A vendor management team owns the contract and vendor agreement from cradle to grave. This ownership provides opportunities to have ongoing dialogue with the vendor to drive continuous improvement in how the vendor is delivering goods and services.
Over the life of the contract, the company’s requirements or roadmap may change. It is important that vendors are able to adjust and keep up with these changing requirements, versus a very static contract where the vendor requests a change order and additional fees to accommodate every change.
On the vendor side, it is important that the vendor is able to deliver enhanced value by leveraging opportunities found through efficiencies as their capabilities improve. These opportunities can be translated into ongoing cost reductions in the contract, which would likely lead to greater aggregate savings than going to market and taking on the risks of transitioning to an alternate vendor.
The world has changed and continues to change at an unprecedented speed—we all know that. This change has driven increased risk in environmental, geopolitical, and financial areas. Understanding and monitoring the risks that a company’s vendors are exposed to has become not only necessary but crucial.
Here in Canada, public or larger companies have to report on child labour within their supply chains. A company is exposed to the same risks as its vendors through the supply chain. This is why monitoring and addressing risks is an important part of vendor management.

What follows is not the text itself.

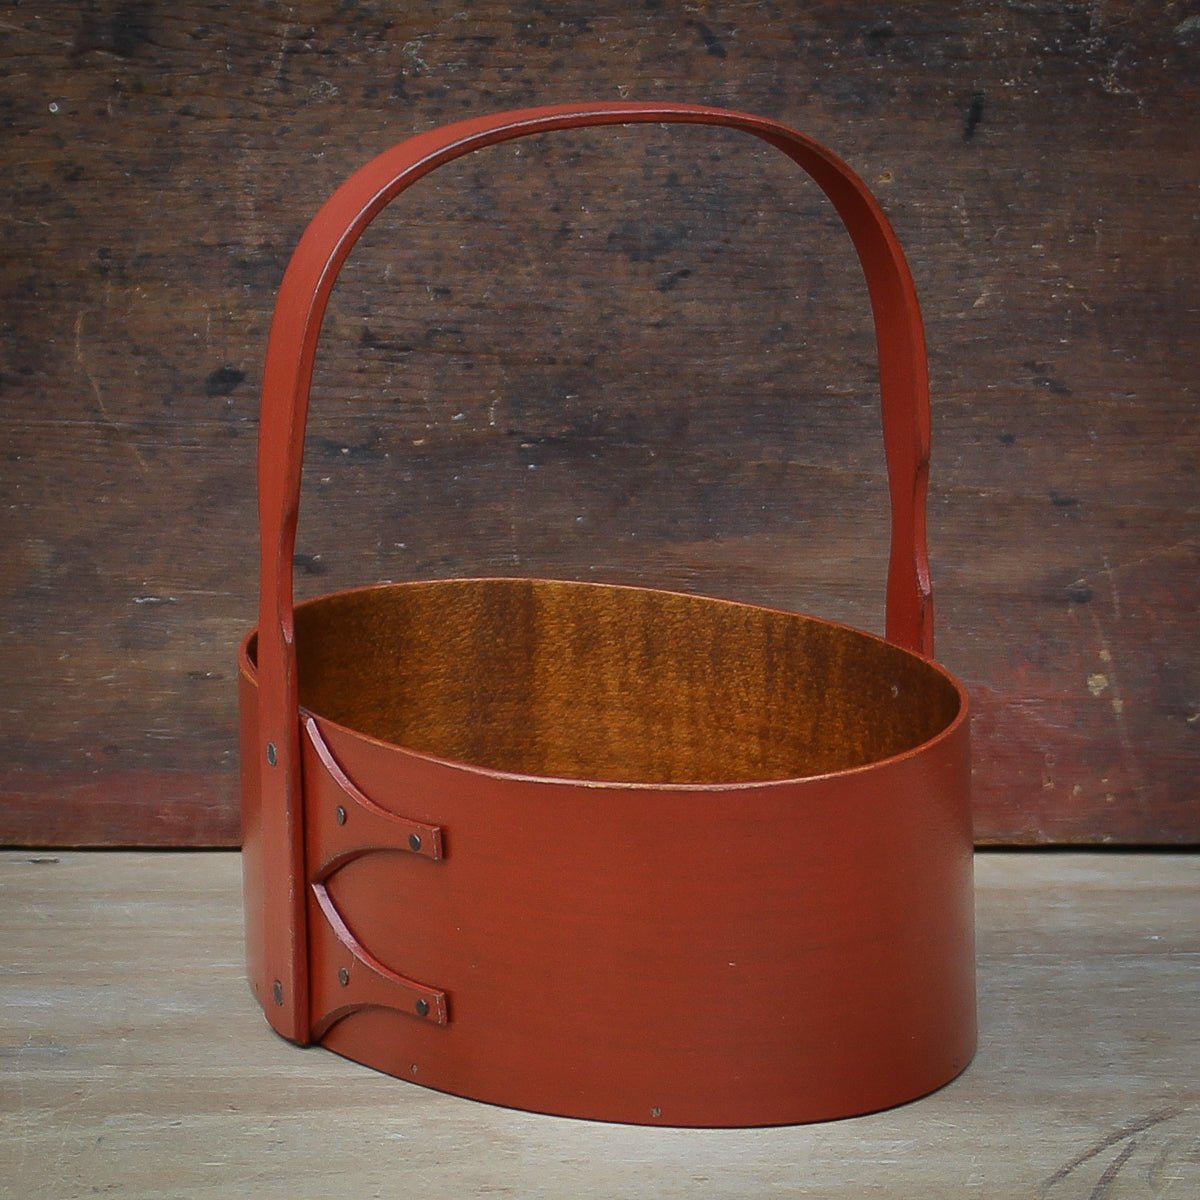 Shaker Carrier, Size #3, LeHays Shaker Boxes, Handcrafted in Maine.  Red Milk Paint Finish, Side View
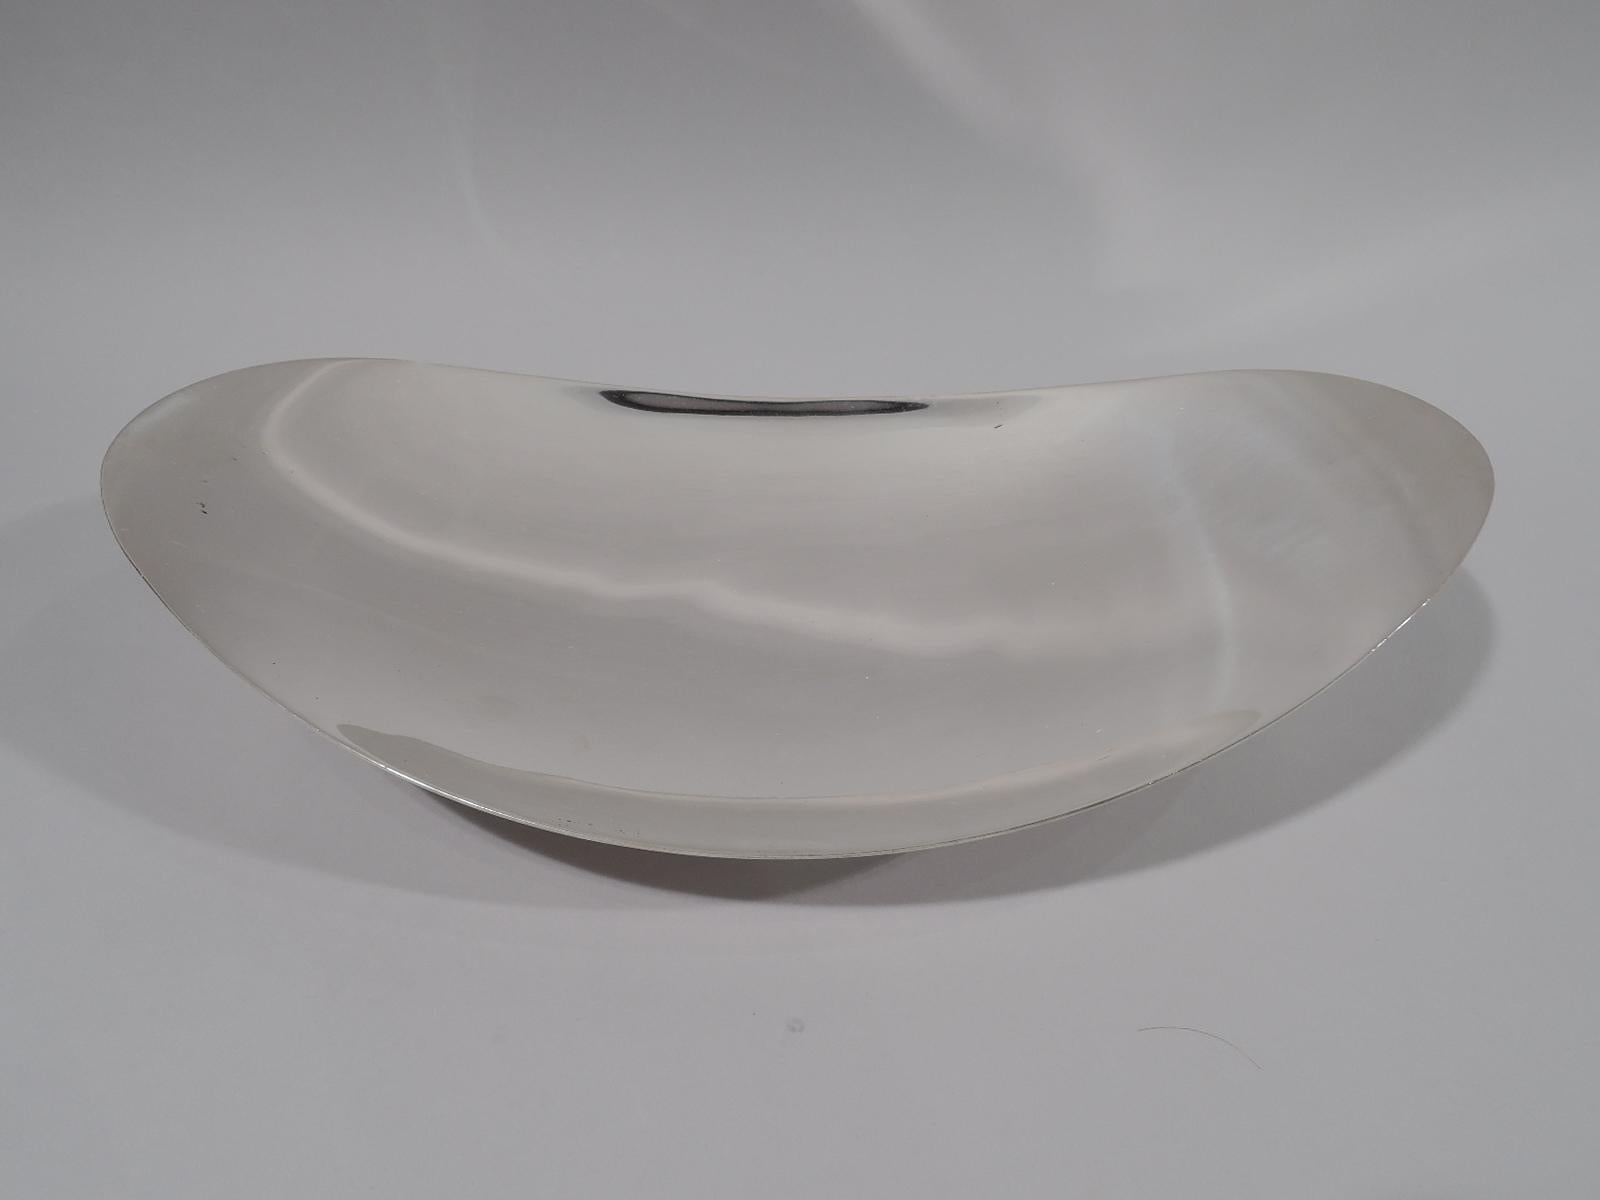 Mid-Century Modern sterling silver bowl. Made by Tiffany & Co. in New York. Shallow swooping oval on short and splayed circular foot. Fully marked including pattern 22416 and director’s letter L (circa 1956-1965). Weight: 22.5 troy ounces.

Now more than ever, vendor management has increased in importance.
The rapid rise in AI is fundamentally changing how companies do business. This creates greater opportunities to collaborate with vendors to improve how goods and services are delivered—more reliable delivery, reduced lead times, faster software development, reduced ticket volumes, and lower direct labour in managed services.
All these opportunities come from efficiencies, which ultimately translate into savings.
Vendor management is the truly strategic link in supply chain management—an area not fully explored by companies, as the mindset is still focused on running RFPs and selecting the best fit for a defined need.
We hope you found this contribution as insightful as we did. It’s a strong reminder that procurement doesn’t end with supplier selection—it begins there.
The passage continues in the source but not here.